Friday, April 22, 2011

Good and bad

So obviously I have not kept up with posting, due to a horrifying lack of internet in my new apartment.

The good news is I have been working out a lot. Maybe too much.  I have lost 3ish pounds.

The bad news is I have been eating really weirdly, due to lack of time/desire to cook.  Also have been drinking way too much.  This week I have had exactly one beer since Sunday, so this is progress.

Did a bar method class this morning (just purchased a 5 pack from yelp), and I'm planning on getting a membership for at least a month once those five classes are used.

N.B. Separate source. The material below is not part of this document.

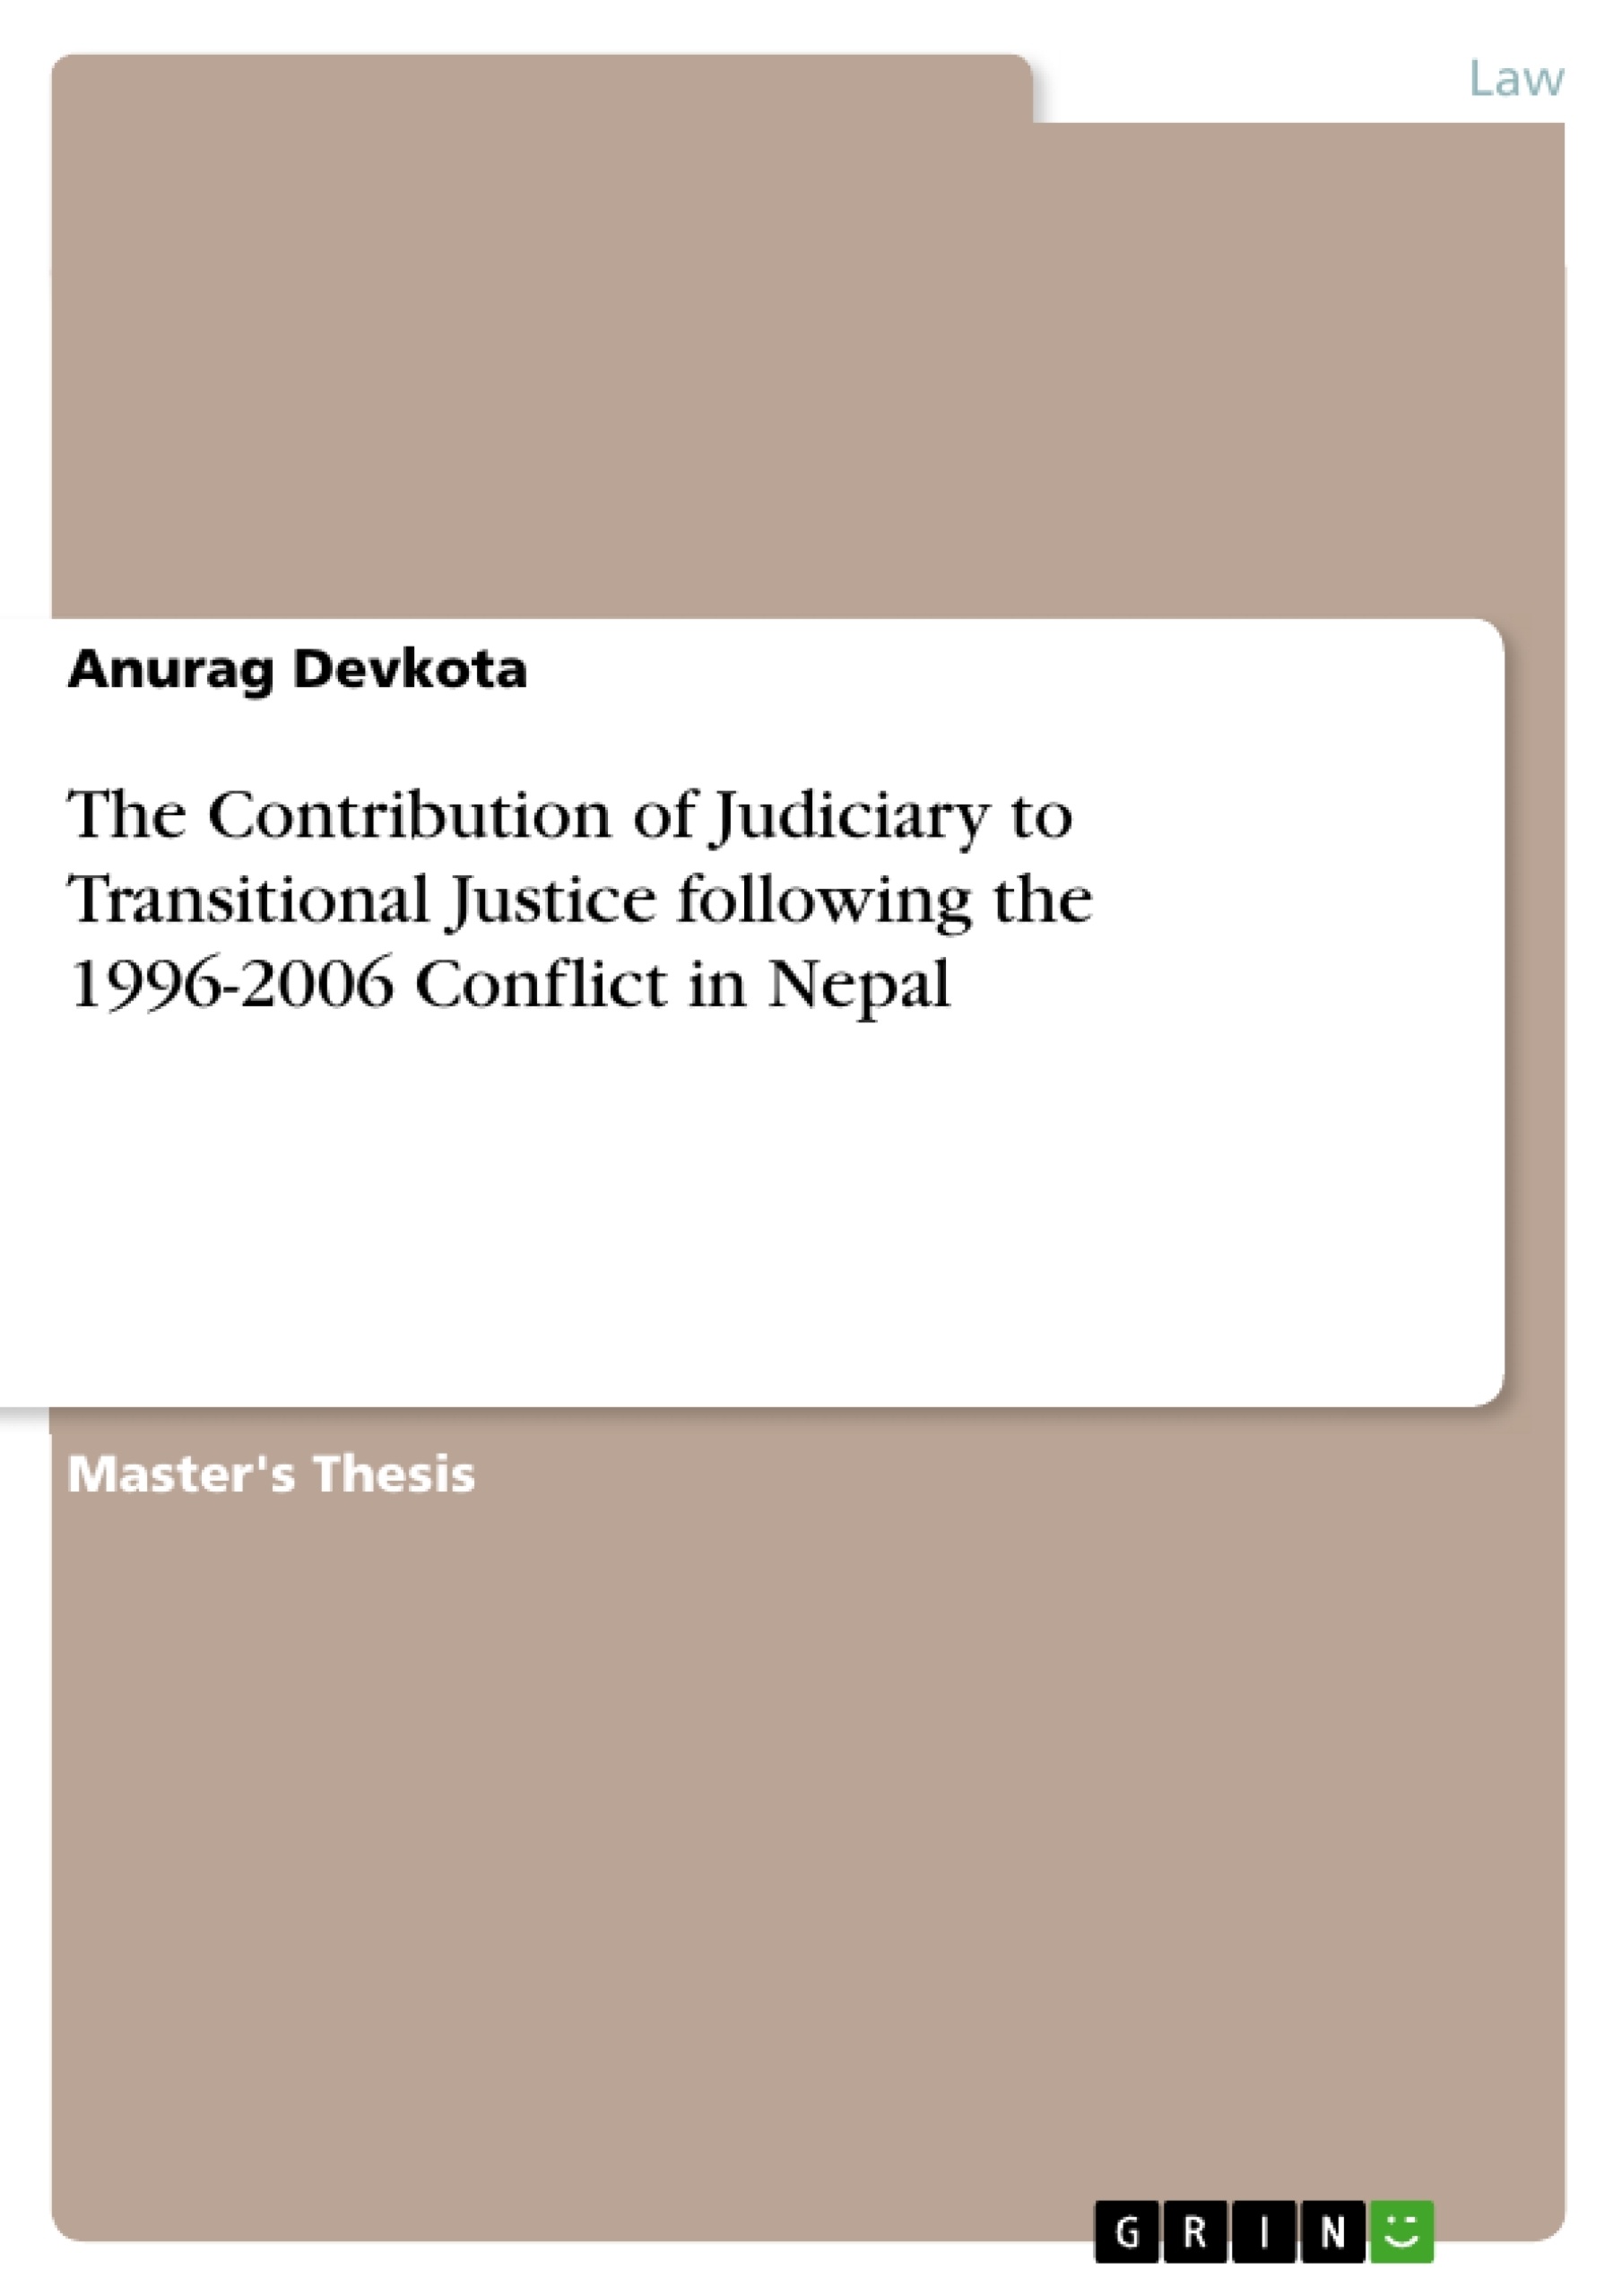 Titre: The Contribution of Judiciary to Transitional Justice following the 1996-2006 Conflict in Nepal

Other than that, my life is sort of a disaster right now so it's nice that I have exercise to throw a little sanity into the mix.

Sunday, April 10, 2011

Sometimes it just feels better to give in

So I drank probably more than I should have last night.  Which led to me having a sausage, egg, and cheese McGriddle this morning.  And, like missing workouts, I'm not going to beat myself up over it.  It was delicious and totally worth it.  I'm going to rise like a phoenix from the ashes/gross wrappers that have calorie counts written on them.

This week, I'm going to try logging all my meals/workouts here.  We'll see how it goes.

Breakfast:
McGriddle
Hash Brown
Orange juice

Friday, April 8, 2011

Oops again

So I cheated on veganism big time - I moved apartments today and needed to order pizza for my hungry helpers, and I wasn't going to sit there and make a salad while they chowed down...so sue me. 
I did make it to yoga for the first time all week and it felt amazing.
And now to finish off (some of) the last of the moving.

Thursday, April 7, 2011

Oops

So remember back when I thought I was totally done with emotional eating?  Turns out my emotions just weren't emo-y enough.
I am super stressed right now.  Work is going through layoffs, I'm moving, going through a breakup, and my good friend/office mate is trying to start an affair with a married guy.  So, the past two nights my feelings have tasted like a large bag of pretzel M&Ms.  Tonight they were supposed to taste like other things, but the only things I could find at the grocery store that seemed remotely appealing were some mustard and onion pretzels and dark chocolate Raisinettes.  Needless to say I feel a little ill right now.  Going to finish the day with a salad and start tomorrow morning with yoga and hope that helps.

Wednesday, April 6, 2011

Everything in moderation

I'm doing better today, I think.  In most aspects of life.  No diet coke, just green tea, so there's a chance I might sleep before midnight tonight.  Went to pilates; skipped yoga because the usual instructor is on vacation.  It's my third day in a row of no yoga, but I'm finally having a  yogic philosophy about not going - it's okay that I didn't stay, I have a lot of other things to do, and it'll make it easier to go tomorrow morning.
I know being able to relax and forgive myself is key to any diet/fitness routine, but it's one of the aspects I'm worst at.  I'm very all or nothing, and very unforgiving.  Those things apply not just to workouts, but to life, and I think I need to work on that in both areas.

Shockingly profound for a night I didn't meditate.

Tuesday, April 5, 2011

In transition

It has been a rough month for me.  I've been going through breakups with both a roommate and a boyfriend.  The general situation at work is a mess; they're going through massive layoffs.
I thought all this would make me more motivated in my health/fitness life.  This has not happened.  There's been too much drinking, not enough sleeping, not enough working out.  Some of this is the fact that I'm moving and there's just not time.  And some of this is...that maybe I'm just not a motivated person?  I thought being single I'd have more time to do all these workout things I wanted to do, but this has not happened.  I cheated big time on veganism with a chorizo burrito after a terrible night out on Saturday.  I. Am. A. Mess.
Goals for the week:
More than 6 hours of sleep/night (this is as much as seems realistic, honestly)
At least one workout per day (did not happen today; slept through yoga)
Actually track WW points (which includes all the pretzel M&Ms I just ate.  Good grief.)

Gym classes I should go to:
Wed -  PM Pilates, Yoga
Thur - AM Yoga
Fri - early AM yoga before official furniture moving?
Sat - early AM yoga
Sun - Bikini body?  Yoga

So, so disappointed in myself right now.  On so many levels.